Whitenack and Yaw lead the student group Vassar Food Rescue, recently renamed Vassar Food Community, which aims to develop the critical discourse on food at Vassar and will invite to campus more speakers on culinary topics.

To some extent, Twitty’s talk did confront critical issues raised by food production. The historical memory of African-American communities in the South is a complex mixture of intimate proximity to and violent exploitation by the plantation and slaveholding class. Twitty reported that interracial children were most often conceived in the kitchen between white male plantation holders and Black enslaved women, and that he sometimes finds ruts in dining rooms made by years of Black servants standing in place while providing meal service to their owners. Keeping this history in mind, Twitty argued, “I definitely have righteous anger, don’t get me wrong, how could I not? But that means Southern people, however dysfunctional we are, we’re family.”
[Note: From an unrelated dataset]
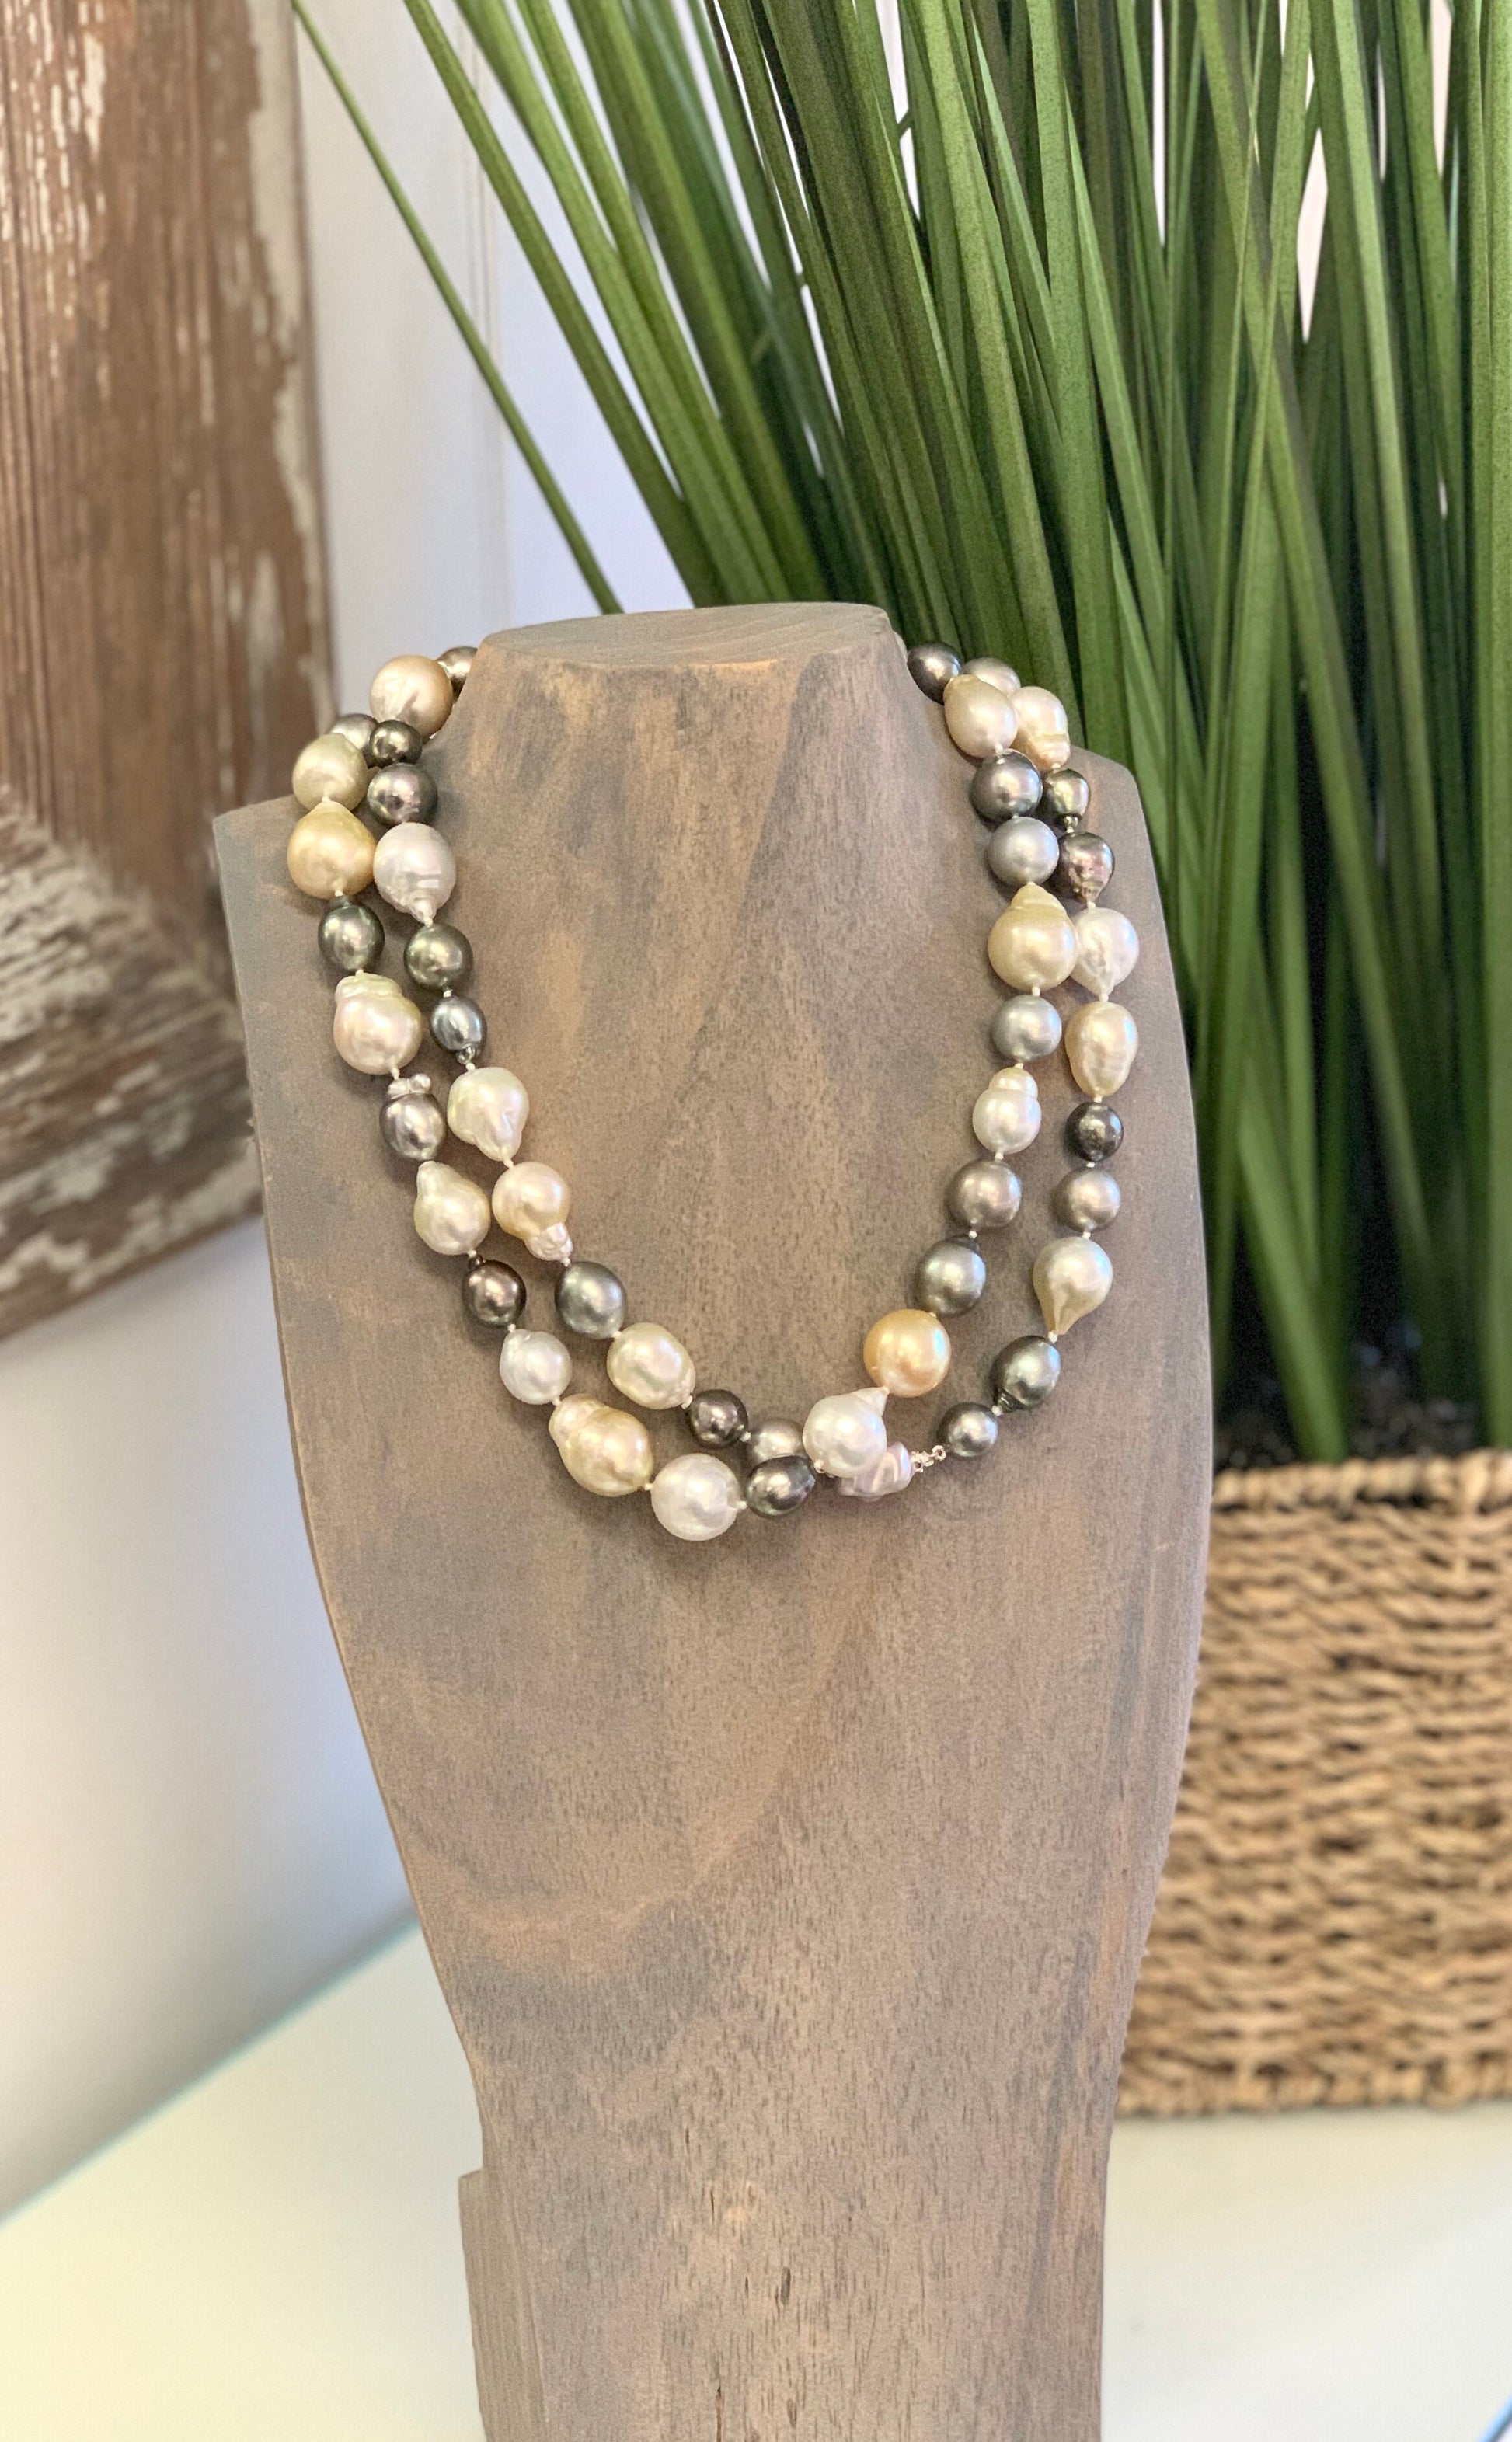 Amazing Multicolor Tahitian and South Sea Pearl Necklace with 14K White Gold clasp handmade by Jewel in the Sea Nantucket

Emphasizing unity in Southern identity, Twitty concluded, “So all of us, white or Black, rich or poor, gay or straight, religious or not religious, all of us Southern, all of us built in the same region for 500 years. We haven’t gone anywhere, we’re the same people.” Twitty sees historical evidence of intercultural community in Antebellum America. He continued, “It seems odd because we think of segregation. No, these people slept in the same room. Poor white people and poor Black people didn’t live on two sides of the street, you know, in 1850. When I went to the census in Maryland, how many Irish people did I see living in the same house as Black folks? They’re living in the same house, they’re not in two separate houses, no, we’re a part of each other, that’s what America is. And our food tells that story, every single time, everything we are.”